# Hunters per acre?



## SgtSlaughter (Oct 30, 2006)

My guideline that I set for my property was one person to every ~30 acres. The years before I owned it the ratio was one person to every ~19 acres and that just seemed too crowded.

I think the number of acres per hunter is pretty subjective based on the property itself.


----------



## Ferg (Dec 17, 2002)

2 on 20 - 

ferg....


----------



## wagoneer (Nov 22, 2004)

One thing you may want to keep in mind is how many deer the area has and how that will relate to your success. For example, some areas of NLP (my area included) are estimated at 25 deer per square mile. At that rate, you really only 'support' one deer on 30 acres 

(25 dr per sqmi/640 acre per sqmi)x 30 acres = 1.17 deer

That would equate to 2 hunters with a 50% success rate, but that would nearly clean the place out. Obviously deer are not evenly spread across land, so if you have a good bedding area, food sources, or are on a travel route you can beat the numbers.


----------



## KalamazooKid (Jun 20, 2005)

For me, 2 hunters on 48 acres max - especially if gun hunting.

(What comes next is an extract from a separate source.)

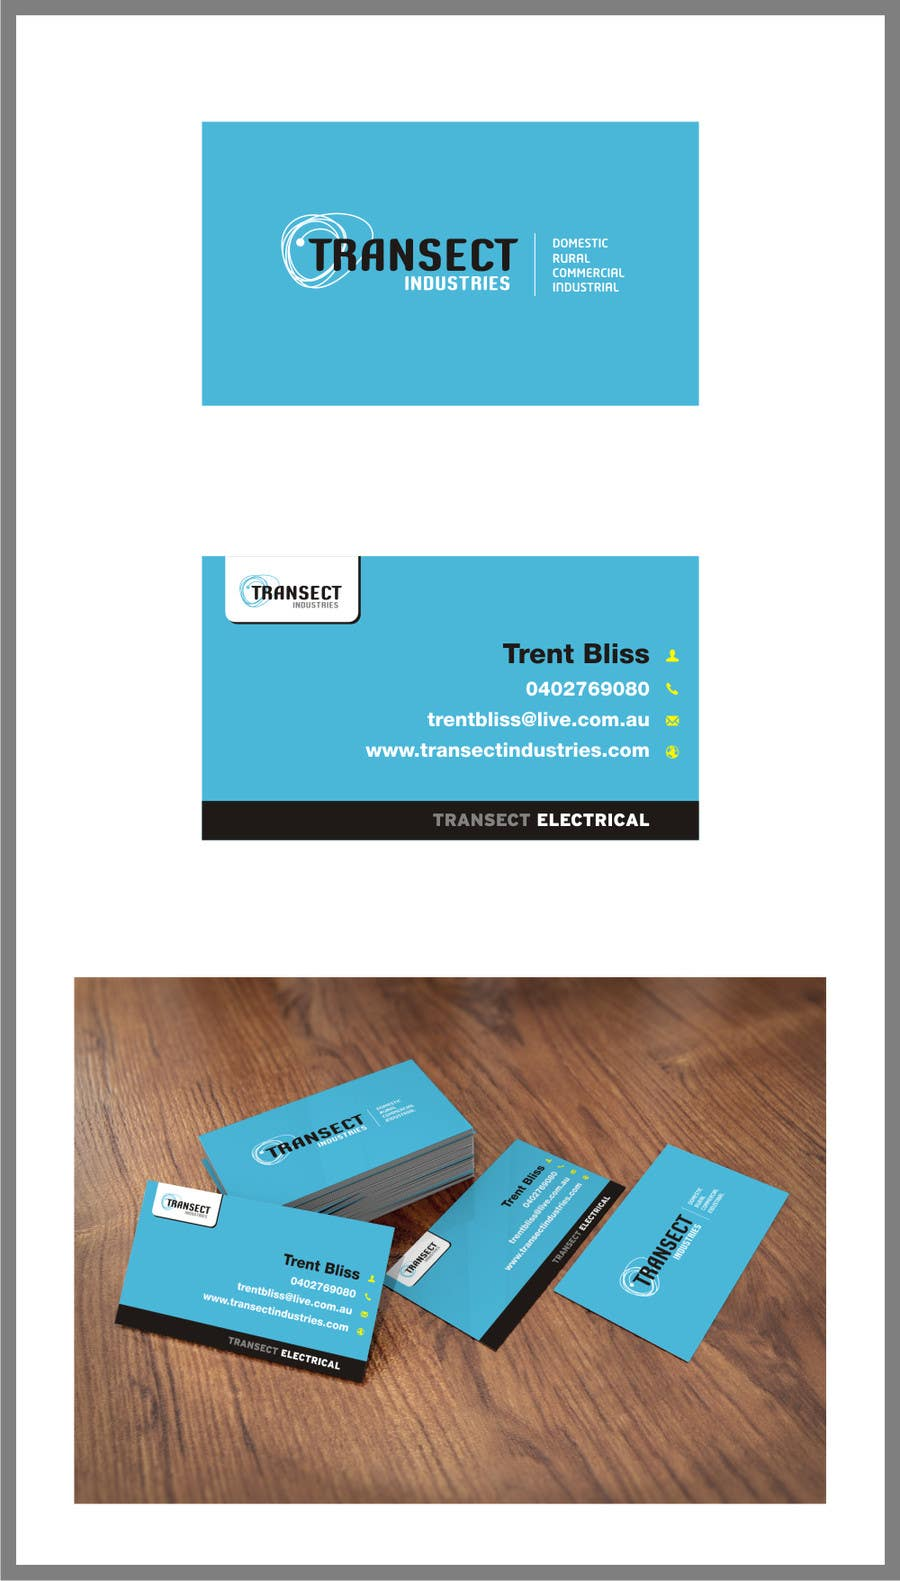 Bài tham dự cuộc thi #                                        47                                      cho                                         Business Card Design for Transect Industries

Bow hunting .... maybe 3.

As others have mentioned, you really have to obviously consider the safety issue but also how you're crowding the deer.


----------



## Ralph Smith (Apr 1, 2003)

I'd say 1 for every 20 acres, not that you could hunt more depending on lay of land, but if you get too many people in a area all the time, thats just too much scent from humans in an area and the deer will put the 2 together and change their patterns.


----------



## rvogel44 (Dec 30, 2006)

Thanks for all that replys! I now know I need to find more acres to buy or lease.


----------



## Gilbey (Oct 26, 2005)

Being in the UP must be pretty different. I have 40, and would only even think of maybe one other person.


----------



## TrekJeff (Sep 7, 2007)

Biggest thing is the lay of the land and where your shooting zones are. If you have valleys and hill tops you can safley place more hunter than over flat land. We hunt 6-7 on our 40, but it's full of hills and valleys. We place stands at the corners facing away from center and two others over looking some nice valley funnels.
If everyone needed thier own 30 acres per person half of the hunters in the state wouldn't be hunting...then again there's always state land...hahaha


----------



## 1fife (May 7, 2001)

What is ideal and what can you do-are two different Q's

what can you do
1 for every 10 

what is ideal
1 per 20


----------



## Sam22 (Jan 22, 2003)

the particular parcel I hunt, we junt 4 or five, on 220 (or maybe it's more). If it was my land.. I would do one per 40, over crowding sucks.


----------



## Ole Spike (Nov 22, 2004)

30 to 40 acres per hunter. Any more than that makes me nervous, and I'm not a nervous type guy.


----------



## Anderson (May 17, 2005)

There are 6 hunters with in 120 acres and that makes me nervous. Any wounded deer and tracking screws up the other hunters as well as the leave @ 10, return @ 2 crowd. We also have 8 hunters on 1500 acres and thats heaven as far as hunter density. Now if the deer density was the same.....


----------



## swampbuck (Dec 23, 2004)

ahhhh..... the joys of private property.

among our group of public land hunters the spacing is about a half mile.


----------



## trailboss (Jan 24, 2003)

I almost feel guilty, I have 18 acres at home but I give that to a friend and I go to the UP where I have about 2 square miles with only me on it.


----------



## donahue5668 (Sep 25, 2007)

we have 60 acres. 4 stands 1 tripod, but only me and my uncle hunt it sometimes my dad. I wouldnt want anymore out there


----------



## vans (Jan 26, 2006)

Average deer population per sq. mile is around 20 deer, this is a managed goal so populations WILL vary, I figure 640 acres in a square mile and depending on your habitat you may be hunting 1.50 deer on your 30 acres, 

1.50 deer= 1 doe and yearling 
Guns, ammo, stands etc-3-5000.00
Getting away from the house-PRICELESS


----------



## dcure2002 (Nov 8, 2007)

As has already been said, depends on the lay of the land. But I have always been told a good rule of thumb for rifle hunting is no more than 1 per 10 acres with a perfect layount. so 3


----------